View Single Post
  #86   Report Post  
Ed Huntress
 
Posts: n/a
Default

"Dave Hinz" wrote in message
...

The numbers are black and white, Ed. If you think you can spend allocated
funds twice, then yes, there was a surplus during the Clinton years. Me,
I don't think that it works that way.


Well, I don't have time to go into this in detail, so I'll just say my piece
briefly and move on.

When the SS finances and the rest of the federal budget were combined in
1969, any possibility of making unequivocal evaluations of the total budget
evaporated. The two SS funds that show up as current debt, when Treasury
bonds are bought for the fund, have an obligation that has nothing to do
with whether there are bonds to pay for it. It is, with or without the
bonds, a future debt upon the nation, one that will come due as SS needs
arise. Calling it an addition to "current debt" is an accounting slight of
hand.

So there is a strong argument that counting those bonds as part of the debt
is bogus. The obligation is statutory; whether it comes from buying the
bonds back, or directly from future revenues, IT HAS TO COME FROM THE SAME
FUTURE TAXES EITHER WAY! The bonds are really meaningless pieces of paper,
in other words. Both SS "trust funds" are a fiction.

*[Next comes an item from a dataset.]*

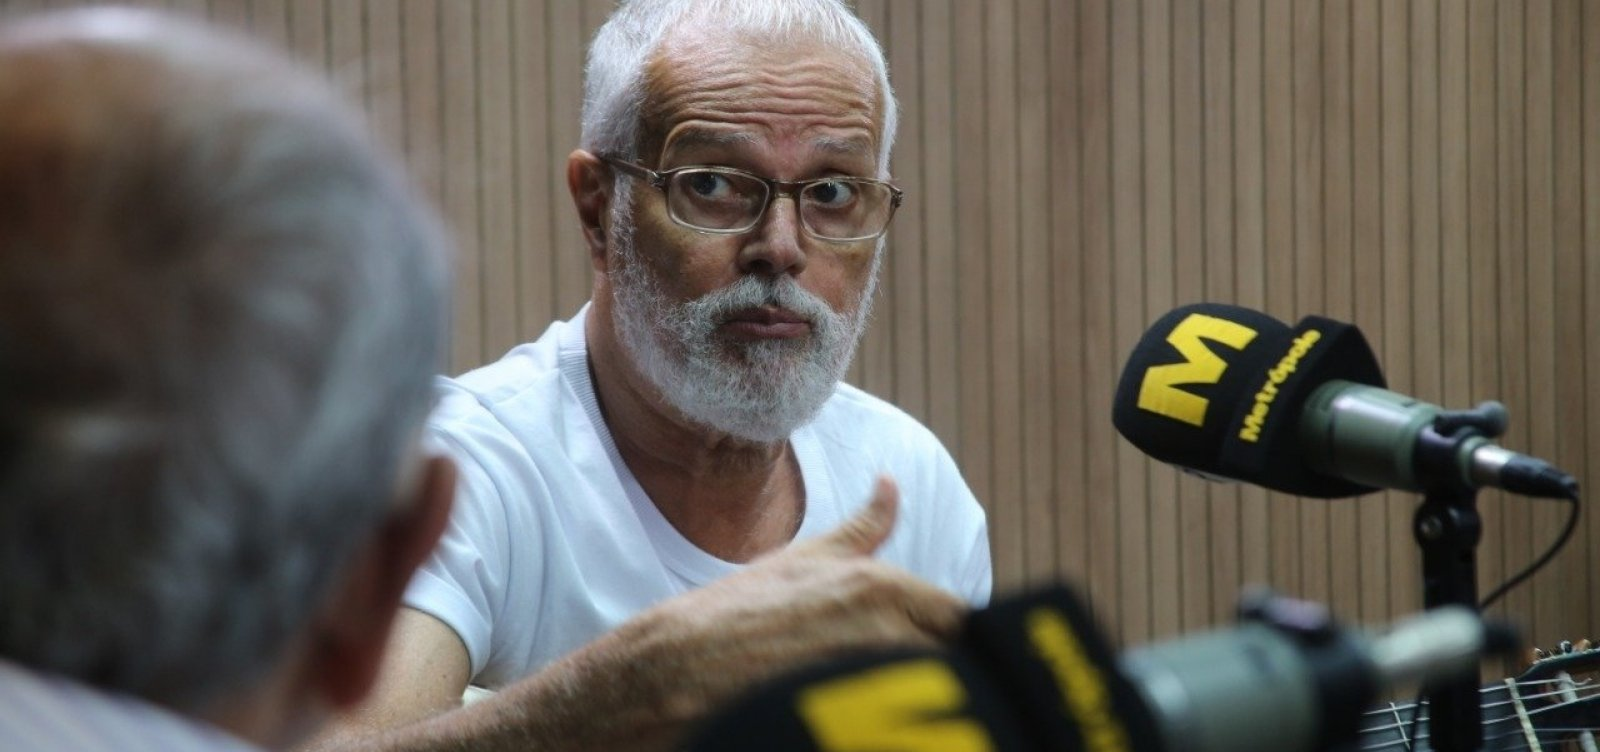 [Roberto Mendes lamenta ataque a igreja de Santo Amaro: 'Jogaram (óleo) na nossa alma']
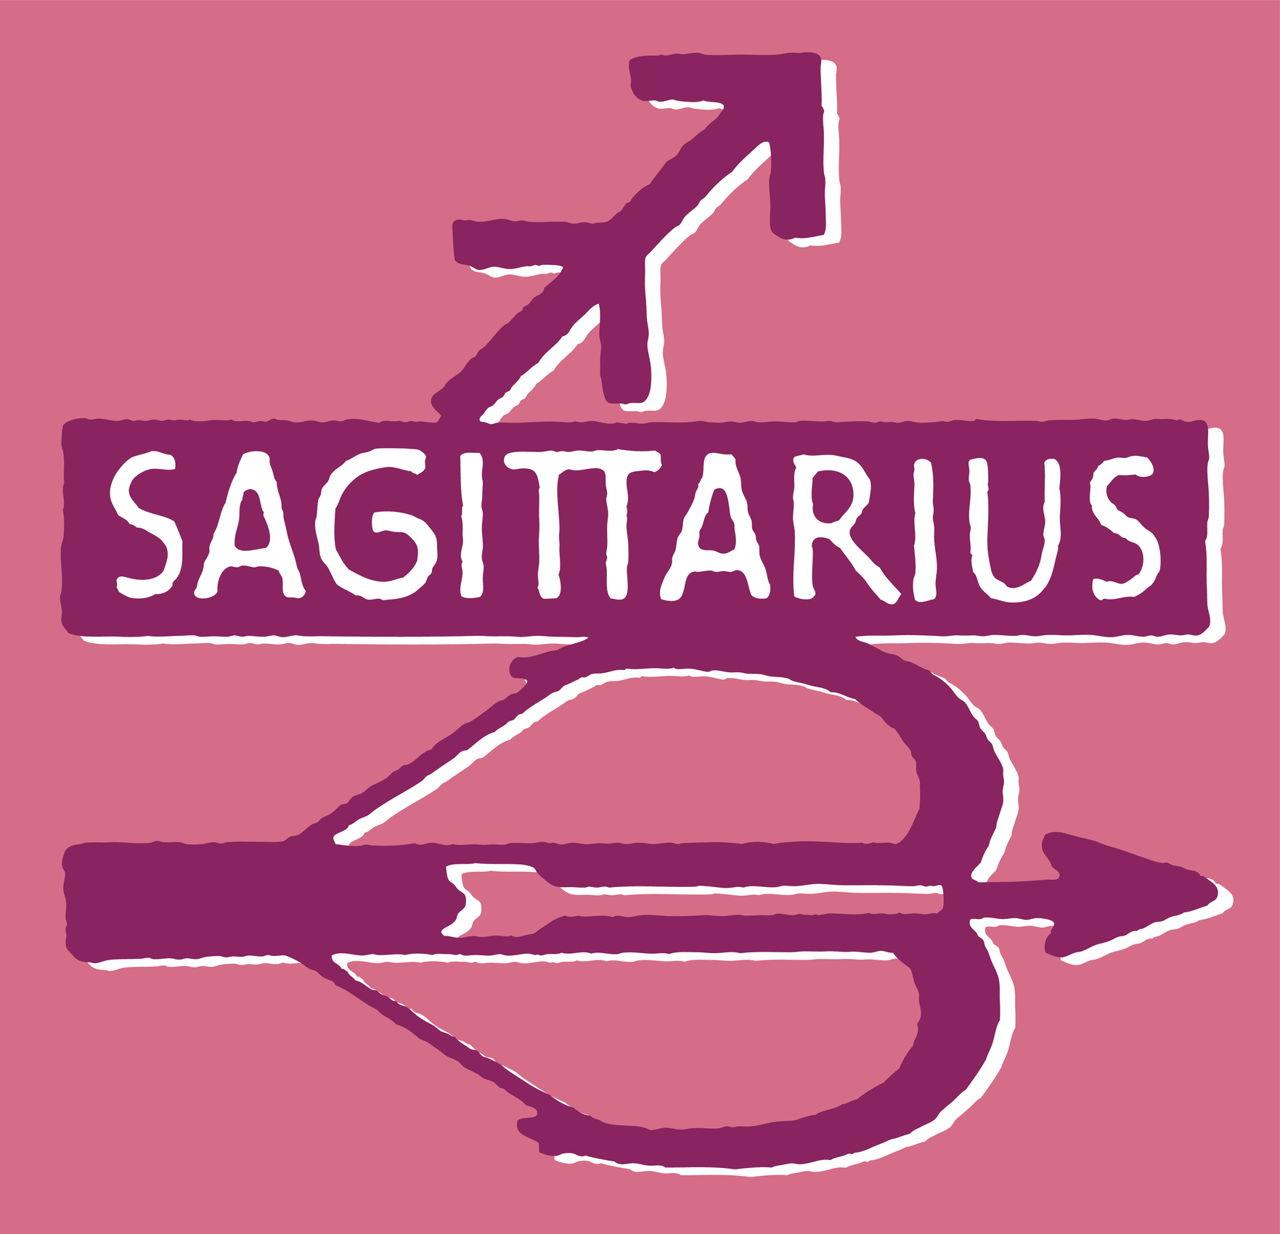 sagittarius best friend

At the same, the revenues used to buy them have to be balanced by a debt of
some kind, so it makes neat accounting to fold it all up in a
revenue/expense accounting balance by counting the bonds as debt. However,
the revenue has nothing to do with future debt, either. It is current
revenue, used to pay current expenses. So that part of the accounting
balance is bogus as well. The revenues are there; they came in; they are
real. Trying to relate them to future SS payments is the part that is not
real.

That's why the Congressional Budget Office says that these transfers of debt
amount to "reallocating costs from one part of the budget to another; they
do not change the deficit or the government's borrowing needs." [they] "have
no effect on the economy or the government's future ability to sustain
spending at the levels indicated by current policies."

And that's why, as I pointed out in my last message, the Treasury Dept. and
nearly everyone else doesn't count those bonds.

Now, you may still insist on counting them. That's fine, then you'd have to
say that the national debt accumulated *more slowly* during the late '90s
than at any time since 1972. That fact is true either way.

Also, you brushed off the idea of counting debt as a portion of GDP, as
nearly everyone does. They do it for a good reason: because debt has no
economic meaning whatsoever EXCEPT AS a portion of GDP. The percentage
burden upon the economy only has meaning as a portion of GDP. Period. There
is no other meaning to it at all.

So, I'm done. g You may accept these things or not; it doesn't matter,
because everyone who makes the key economic decisions that affect the
national debt, and SS, and so on know them perfectly well, and these are the
basis on which those decisions are being made. And that, I suppose, is as
close as we're going to get here to the bottom line.